NIH ORWH GWAS, Sex and Chromosomes Think Tank

Date and Time

– February 27, 2019, 05:00 PM EST
Event Information

ORWH is hosting this virtual think tank to identify gaps related to the consideration of sex as a biological variable (SABV) in genome-wide association studies (GWAS).

The meeting’s organizers are specifically interested in answering the following questions:

  1. To what extent are sex chromosomes ignored or underrepresented in GWA studies, and what are the underlying biological, methodological, technical, and cultural factors responsible for this?
  2. What biologically significant information is lost in GWA studies when investigators control for sex (e.g., by regressing sex effects out of their analyses) but do not analyze for sex (e.g., by performing sex-stratified analyses across the autosomal genome)?
  3. What solutions can help improve the analysis of sex chromosomes and the consideration of SABV in GWA studies, as well as the reporting of sex effects and results stratified by sex?
  4. To what extent can historical GWAS datasets be re-examined to achieve a more thorough consideration of the sex chromosomes and SABV using already-published data? What challenges are associated with tapping into such data to advance the foundation of genetic research for improved gender-based medicine?
  5. How should additional individual medical information (e.g., pubertal/menopausal, endocrinological, hormonal, and reproductive trait data) or other information about specific traits (e.g., results of GWAS meta-analyses) be incorporated into the research to help interpret and refine disease GWA studies?
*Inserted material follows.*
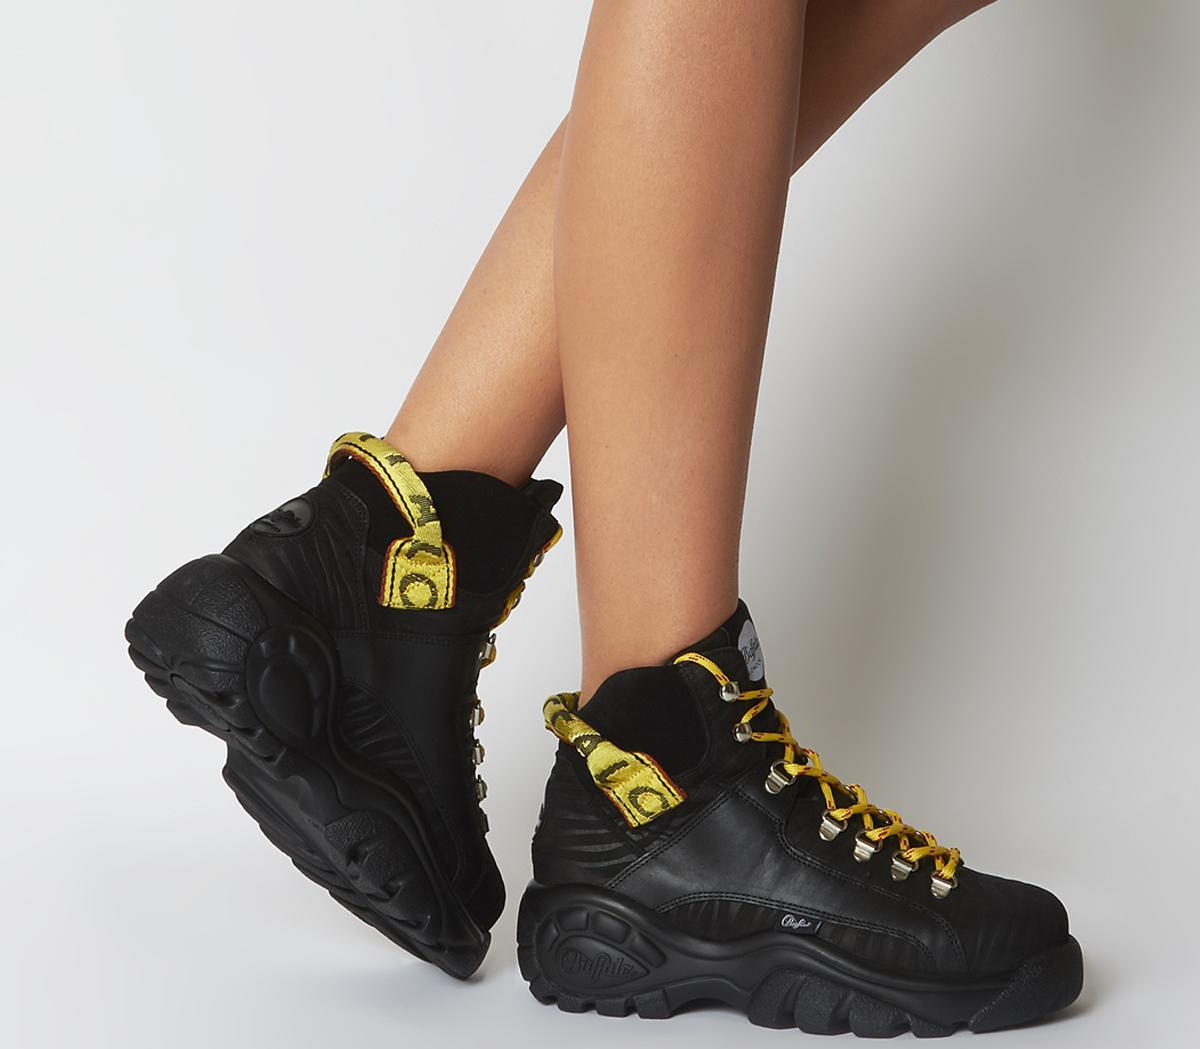 Giselle Sneaker Boots Black
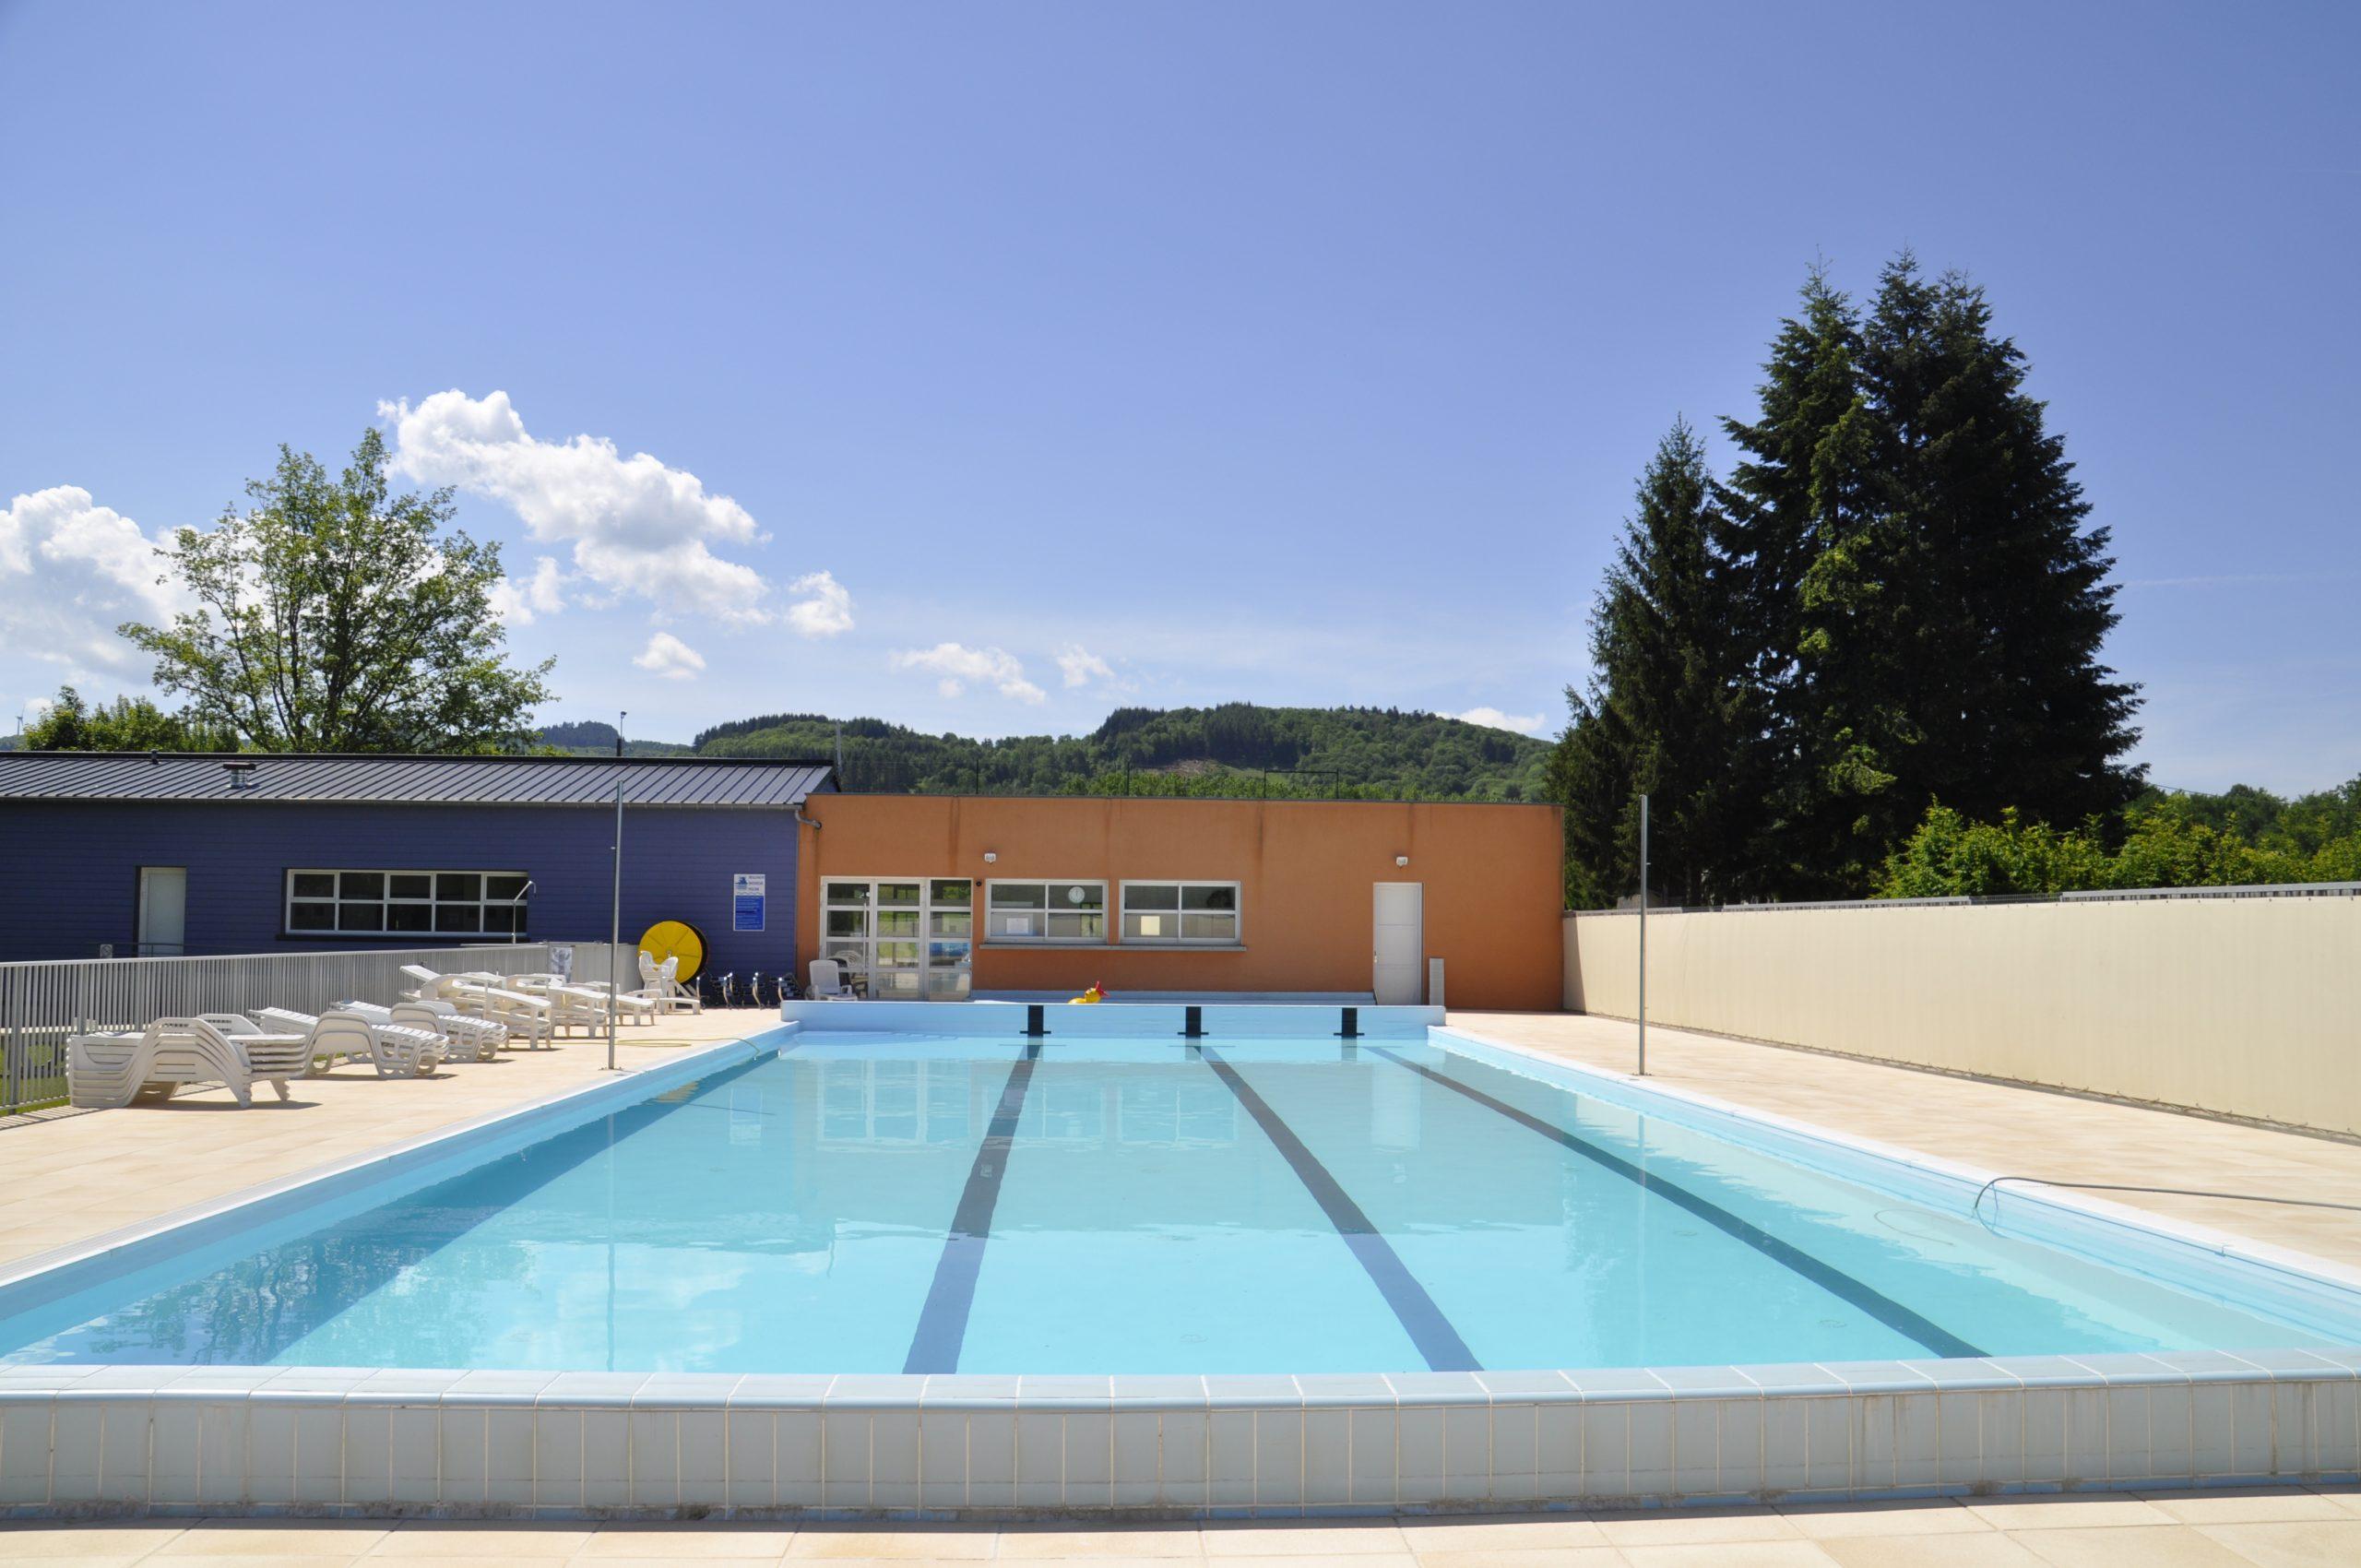 Piscine Du Mayet-De-Montagne - Stade Aquatique concernant Piscine Bellerive Horaire

Contact if you have any questions.


Sex is the single largest risk factor for many diseases and conditions, and strong influences of sex are known across all medical disciplines. Sex influences can manifest as biases in disease prevalence between the sexes (e.g., 90% of lupus patients are women), as differences in trait means between the sexes (e.g., fat distribution varies between sexes), or even as discrete, non-overlapping sexual dimorphisms in form and function. Most of these sex influences have a strong genetic basis, but linkage, GWAS, and heritability studies have failed to identify the majority of variance explained by the sex chromosomes, including many of their constituent genes. 

While many such studies have ignored the sex chromosomes for technical reasons, enough of them have demonstrated an underestimation of sex chromosome effects or a neglect of SABV in genetic research for other reasons. The underlying explanations may be subtle and complex, and they are certainly worthy of study both for the basic mechanistic insights into sex differences and for a better understanding of pathophysiology.